Exercise description:
Leave the images aside and repeat the whole listing exactly.

Data block section start

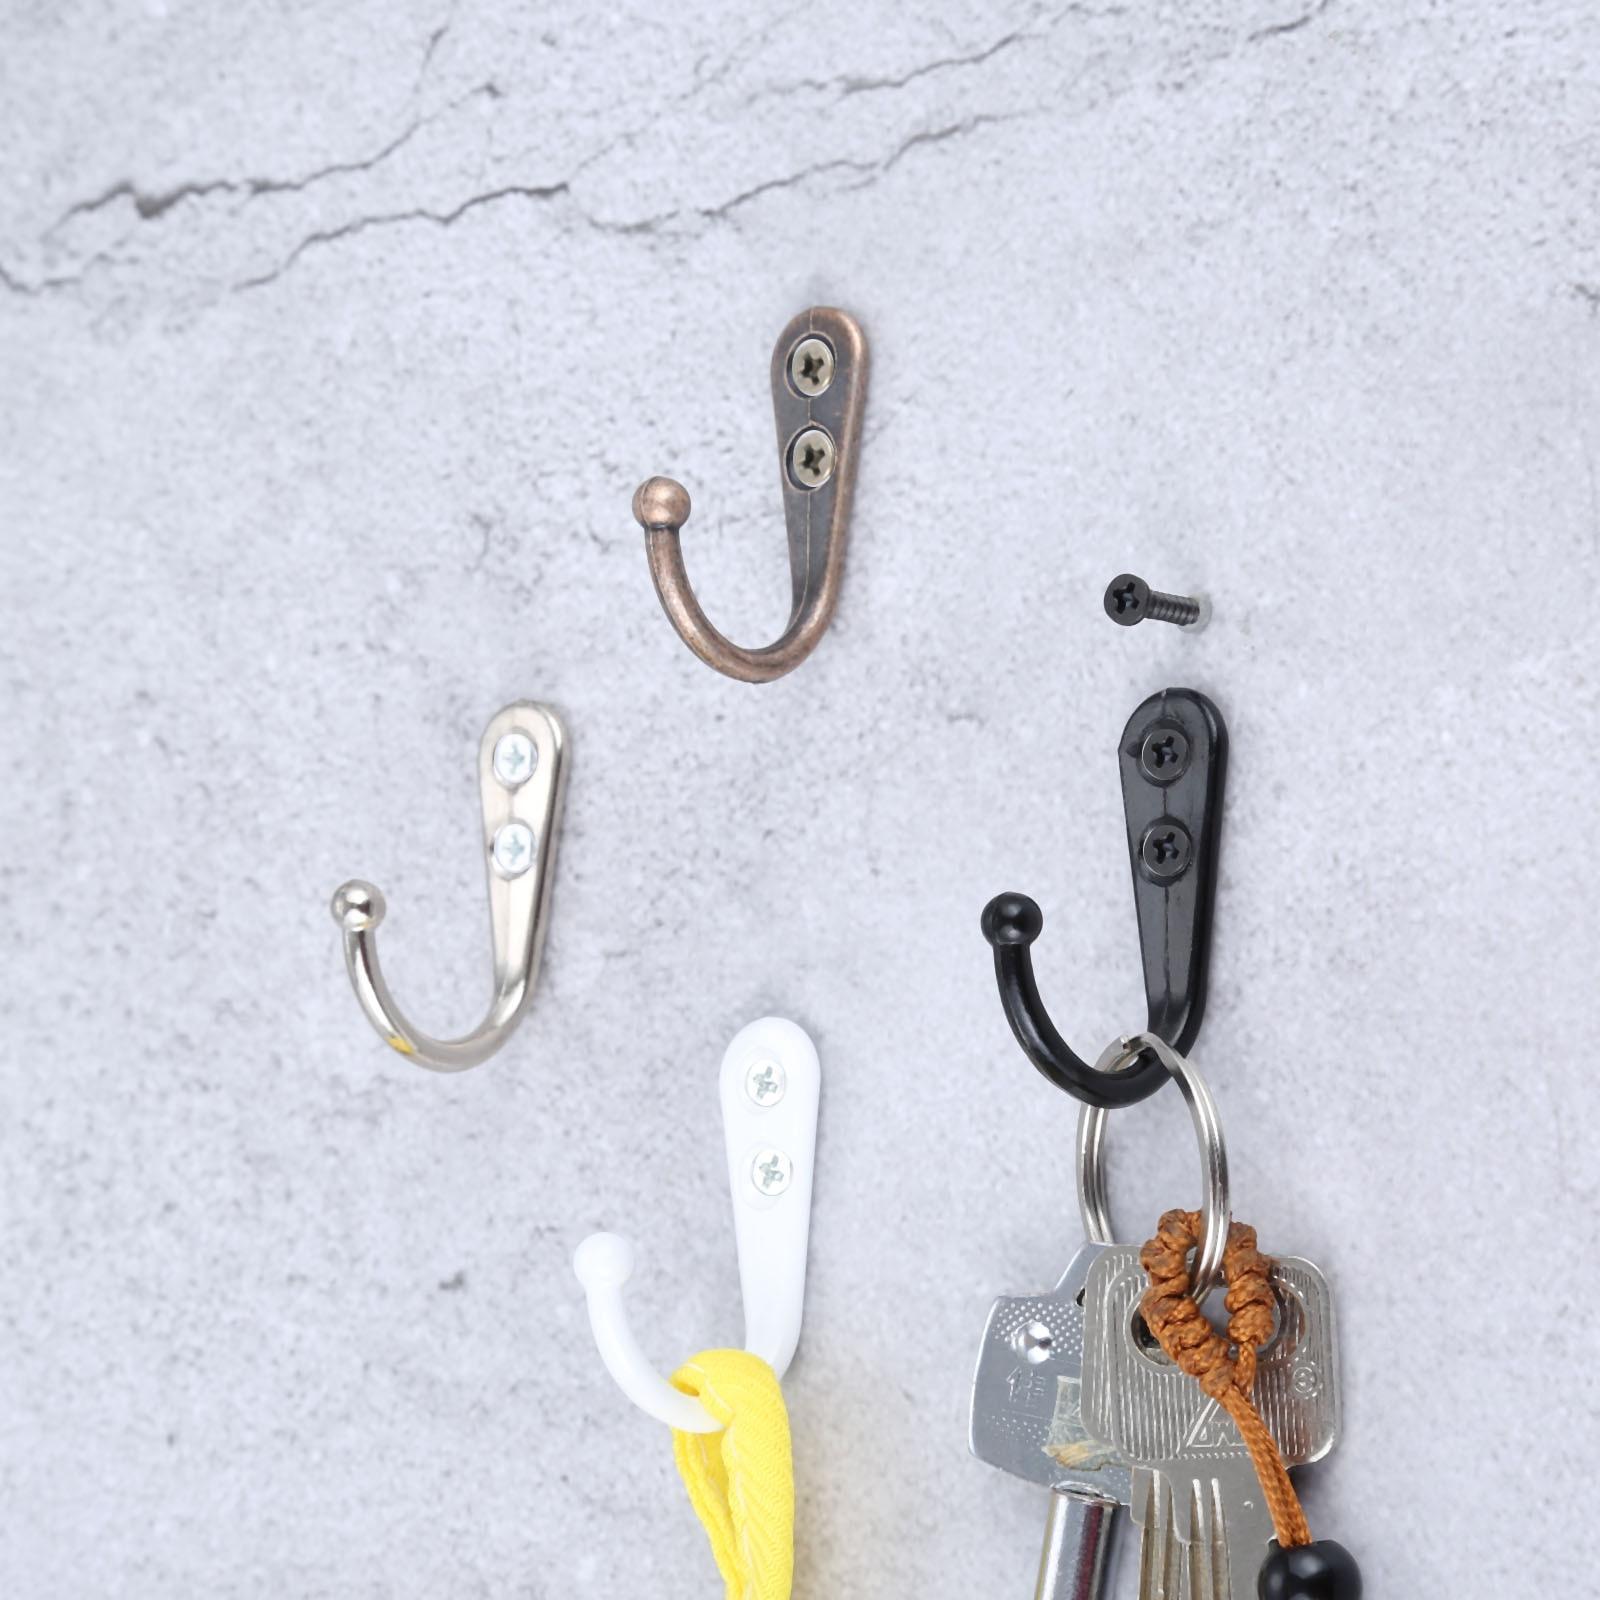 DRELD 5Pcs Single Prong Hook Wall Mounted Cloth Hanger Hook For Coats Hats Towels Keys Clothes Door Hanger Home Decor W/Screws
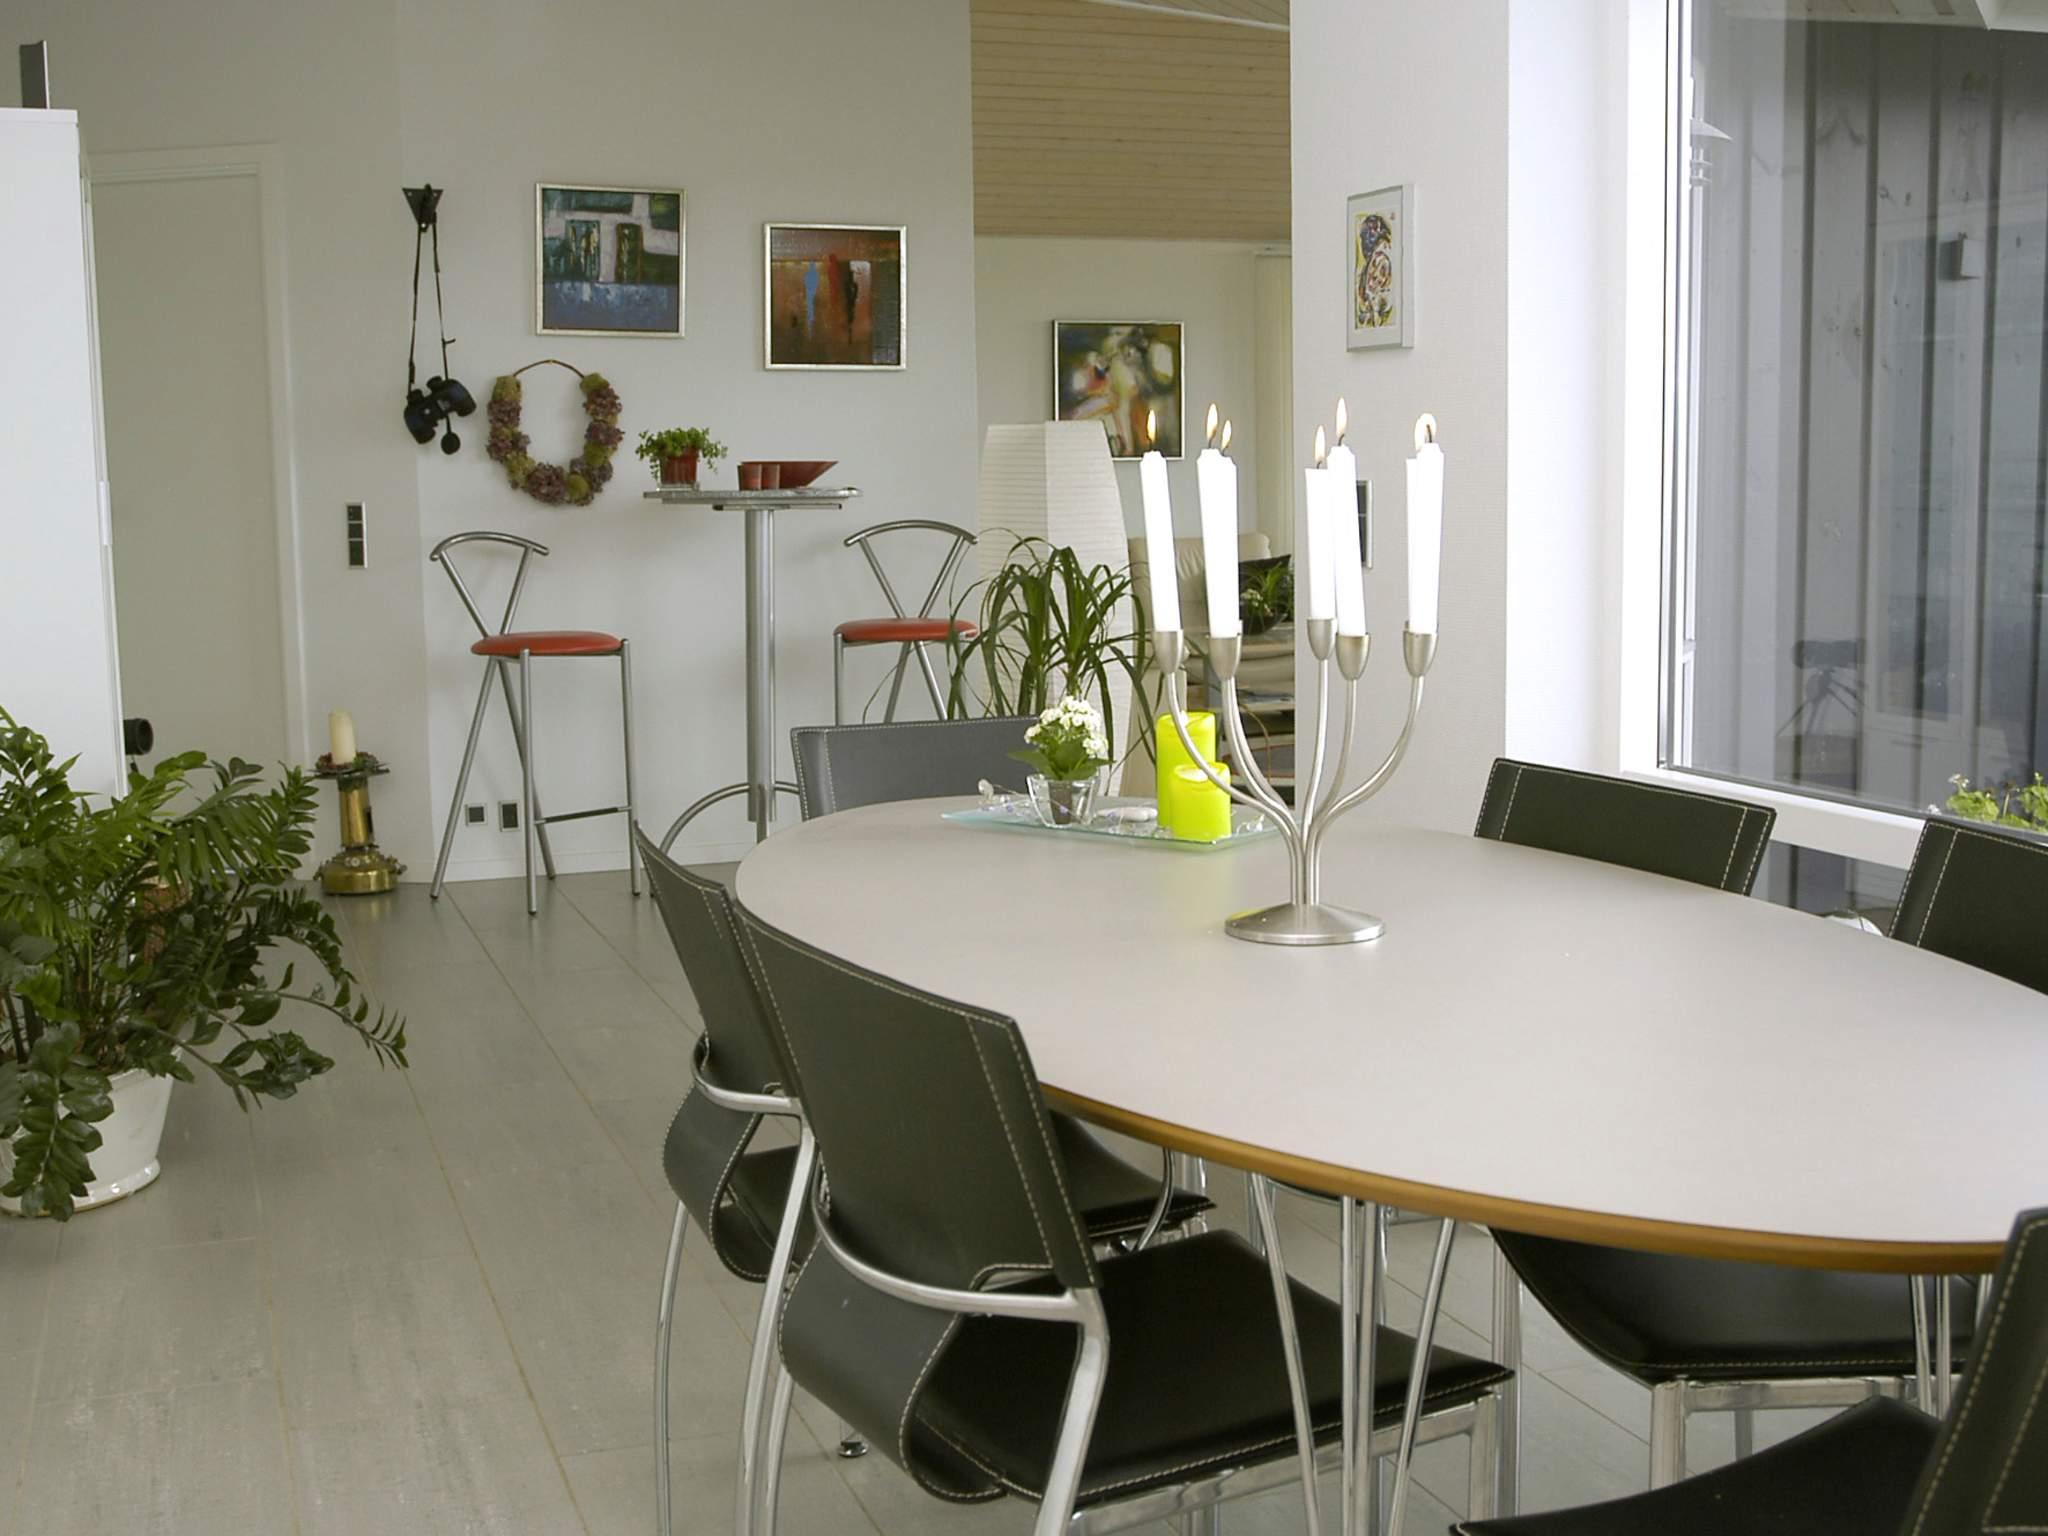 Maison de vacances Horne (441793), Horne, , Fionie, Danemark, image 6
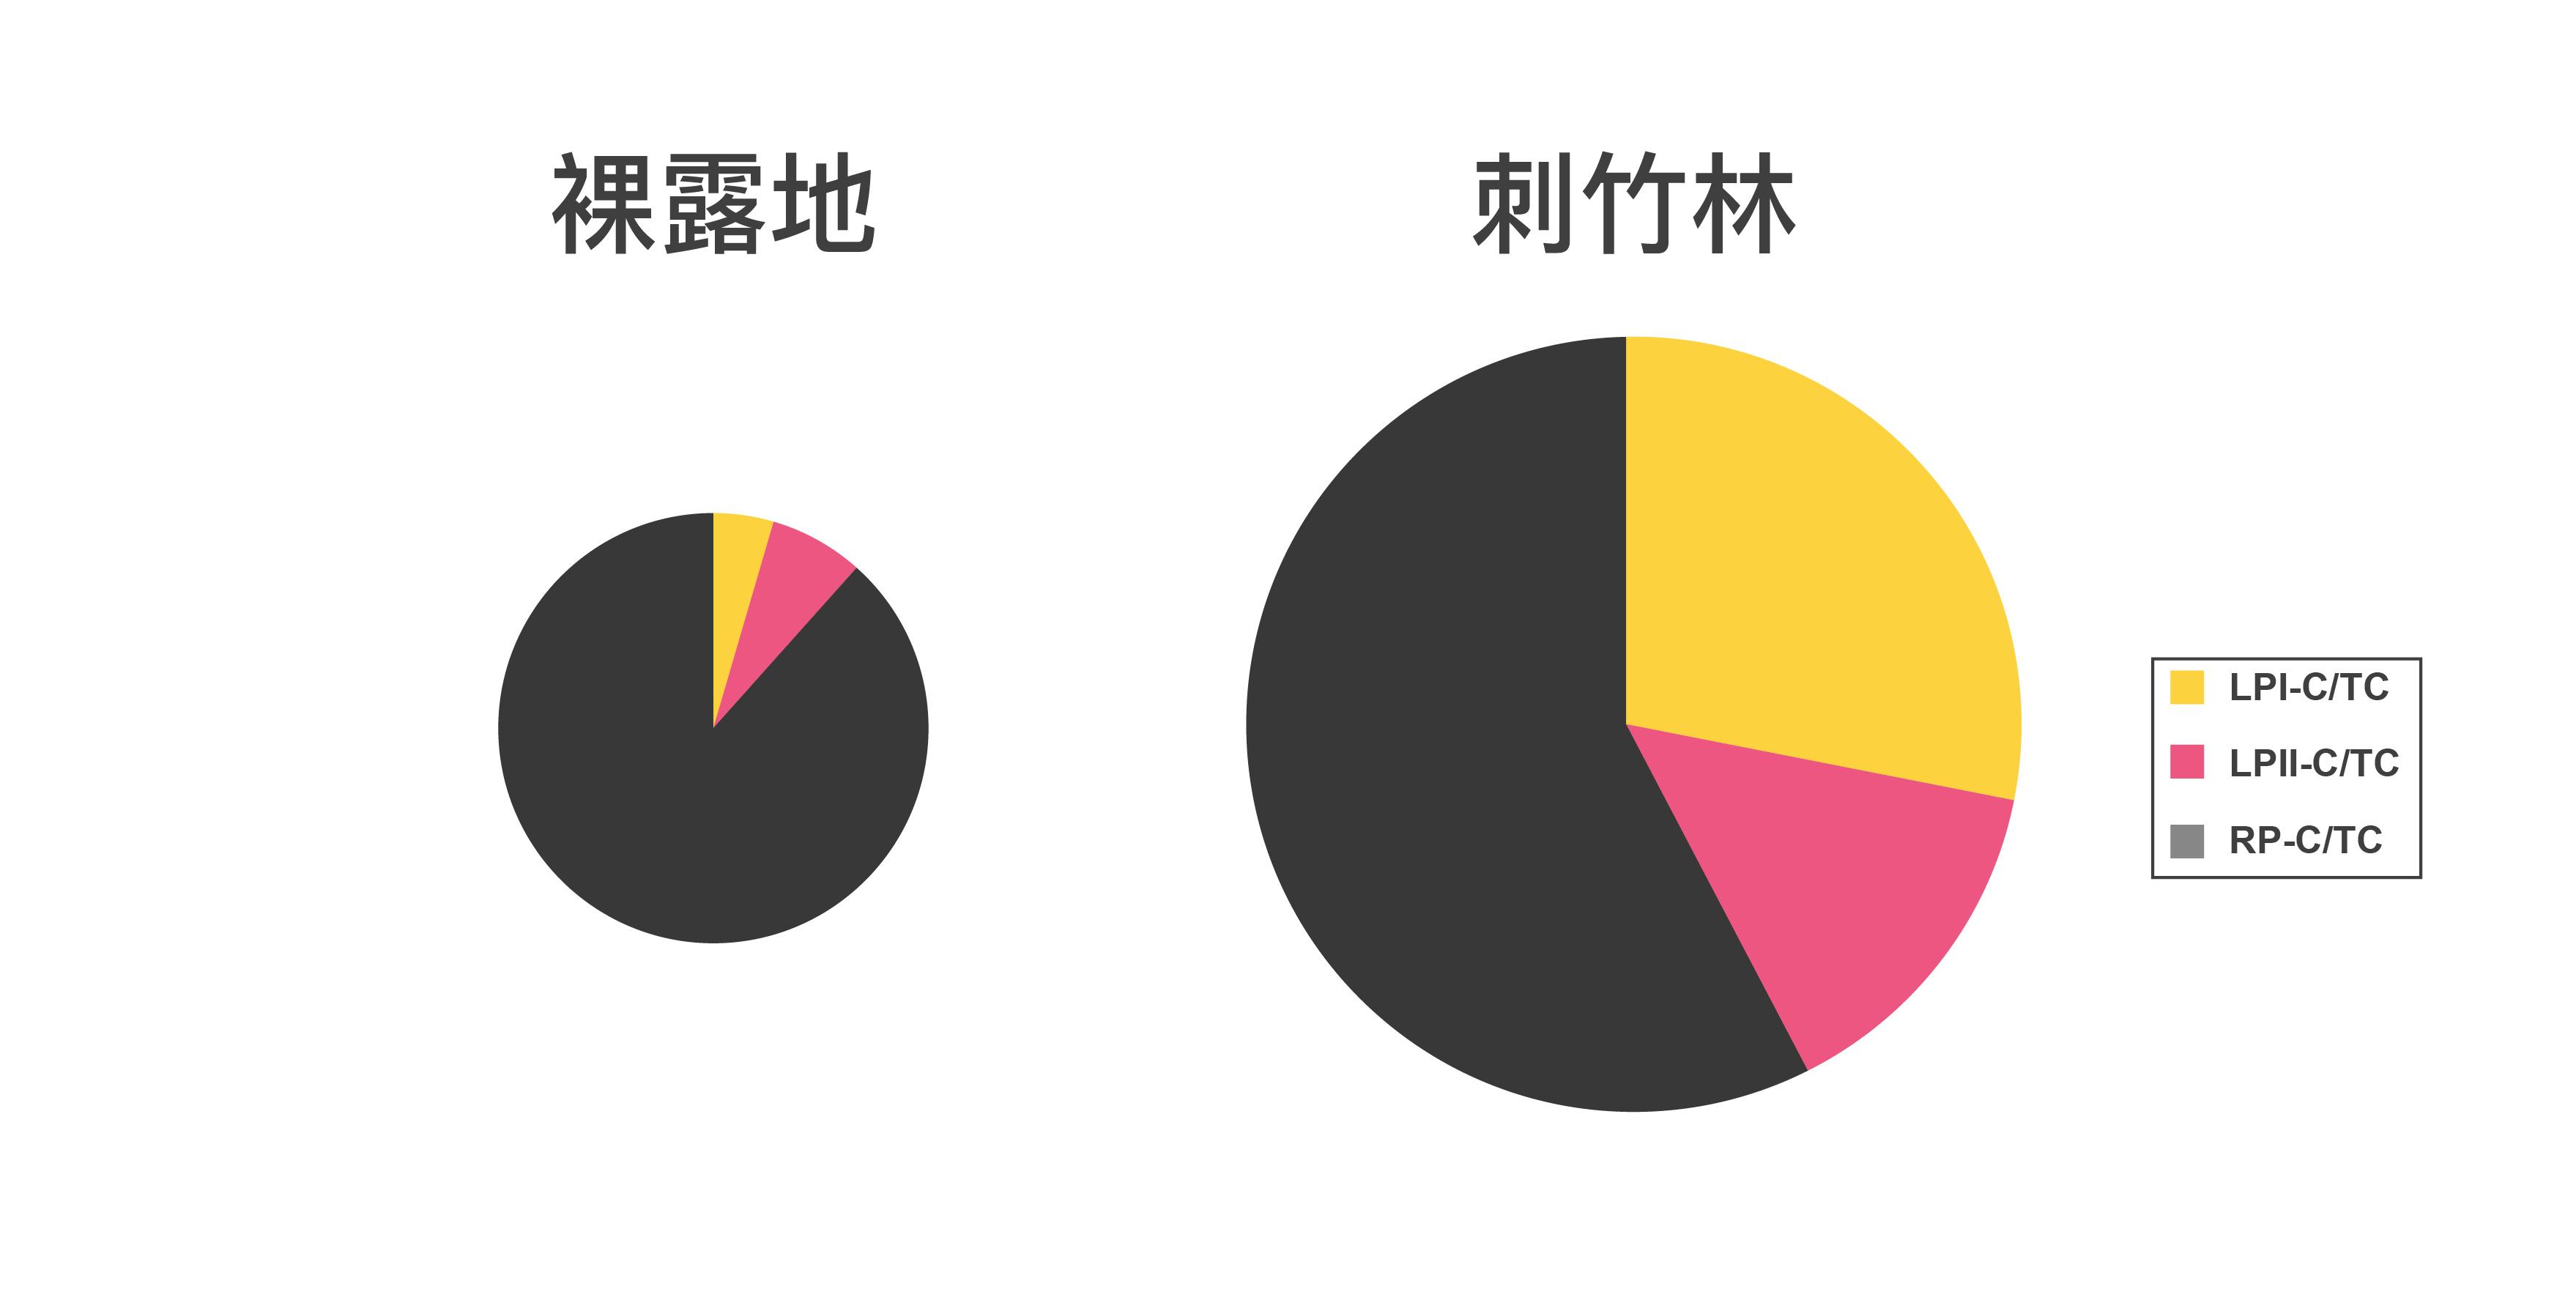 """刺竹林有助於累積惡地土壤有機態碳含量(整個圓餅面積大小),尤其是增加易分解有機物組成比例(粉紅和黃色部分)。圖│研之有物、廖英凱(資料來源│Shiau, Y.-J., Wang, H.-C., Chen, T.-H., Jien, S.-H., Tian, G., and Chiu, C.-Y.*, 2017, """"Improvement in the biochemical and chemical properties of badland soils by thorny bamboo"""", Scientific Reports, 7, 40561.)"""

Data block section end

Response:
 DRELD 5Pcs Single Prong Hook Wall Mounted Cloth Hanger Hook For Coats Hats Towels Keys Clothes Door Hanger Home Decor W/Screws
 Maison de vacances Horne (441793), Horne, , Fionie, Danemark, image 6
 """刺竹林有助於累積惡地土壤有機態碳含量(整個圓餅面積大小),尤其是增加易分解有機物組成比例(粉紅和黃色部分)。圖│研之有物、廖英凱(資料來源│Shiau, Y.-J., Wang, H.-C., Chen, T.-H., Jien, S.-H., Tian, G., and Chiu, C.-Y.*, 2017, """"Improvement in the biochemical and chemical properties of badland soils by thorny bamboo"""", Scientific Reports, 7, 40561.)"""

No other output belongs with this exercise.